Khabar Lahariya News via THE HINDU
Small initiatives by two women’s collectives effect big changes in the lives of marginalised women.
AT the office of “Khabar Lahariya”.
THE National Policy for the Empowerment of Women, 2001, while setting out its agenda for securing equal rights of women, acknowledges the role played by the “women’s movement and a widespread network of non-governmental organisations, which have strong grassroots presence and deep insight into women’s concerns”, in providing “inspiring initiatives for the empowerment of women”.
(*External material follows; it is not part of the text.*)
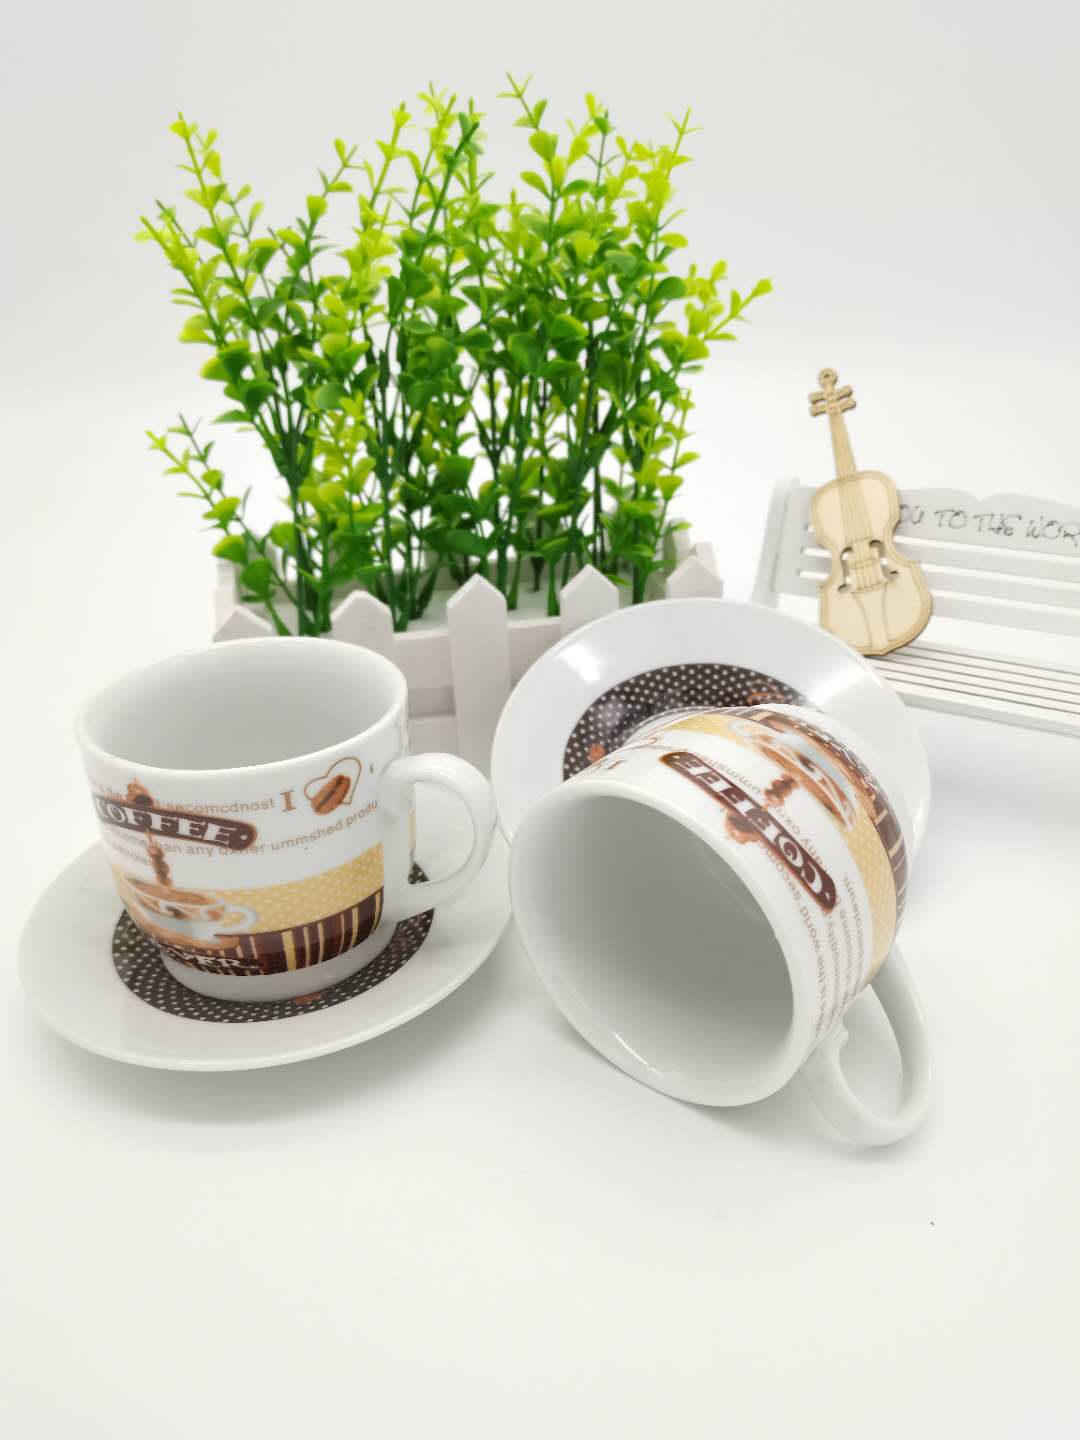 ชุดแก้วกาแฟ ชุดแก้วเซรามิค ชุดชงชา ชุดแก้วชากาแฟ ชุดของขวัญ มีหลายลวดลายให้เลือก ขนาดจาน 12cm ขนาดแก้ว 7x6cm มี2ชุดต่อกล่อง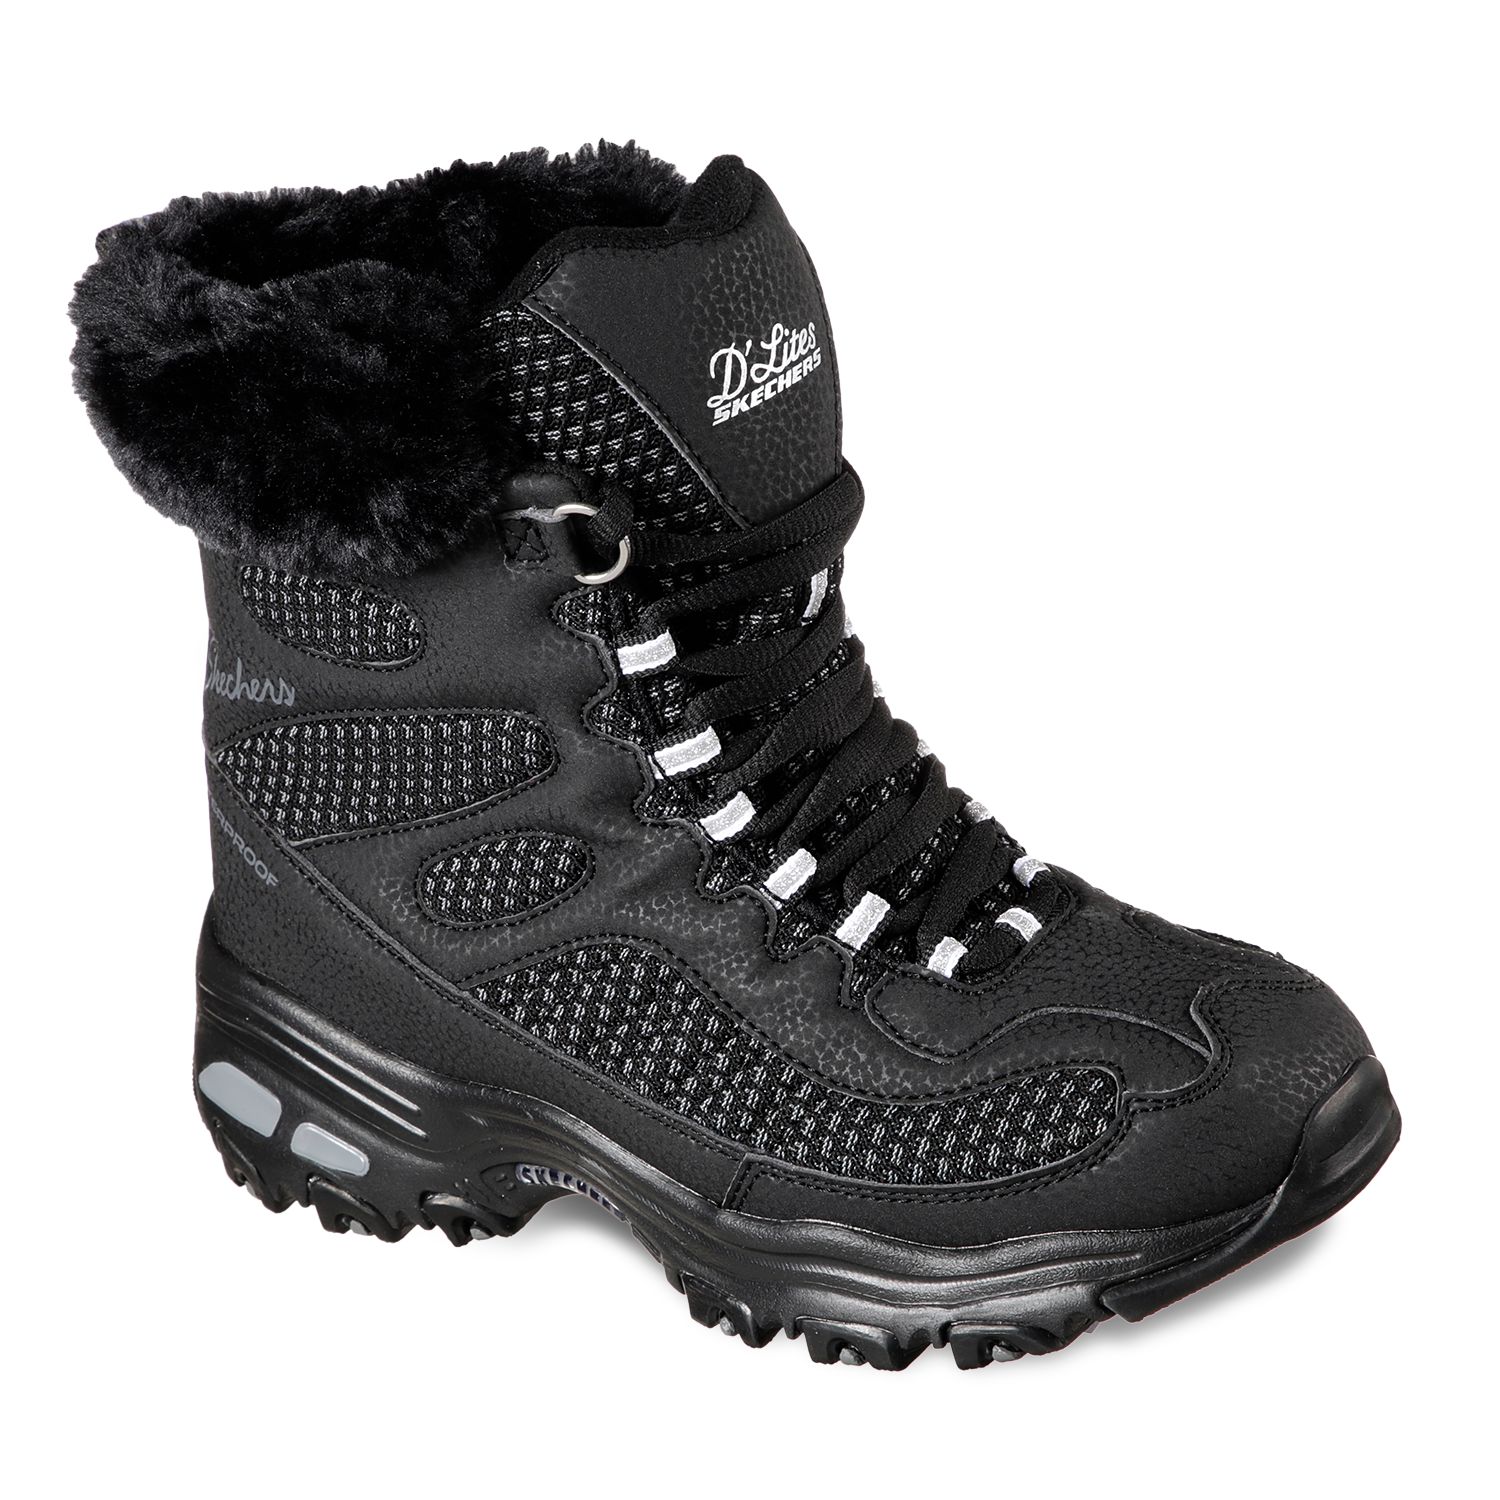 skechers knee high winter boots

Although the policy is clear, no positive action has been forthcoming from government agencies. Two well-meaning NGOs, Delhi-based Nirantar, a centre for empowering women through education, set up in 1993, and the Mumbai-based Stree Shakti Kendra, promoters of a taxi service run by women, have shown the way in not only empowering women but making them face the men’s world boldly. They have brought together women belonging to the poorer sections of society and marginalised communities, and helped them make a living. The spirit behind their initiatives is to not only income generation for women but also asset creation.
In the two backward districts of Chitrakoot and Banda in southern Uttar Pradesh, Nirantar provided education and training to eight unlettered Bundeli-speaking women and assisted them to start a newspaper called Khabar Lahariya. The NGO regularly conducts workshops for them. Inputs on current affairs and issues such as right to food, child abuse and rape are provided by activists and social workers.
In Mumbai, Stree Shakti Kendra has brought women out of the confines of their homes to steer deftly passengers through the city’s chaotic traffic. The women are both chalak (driver) and malak (owner) of the cabs.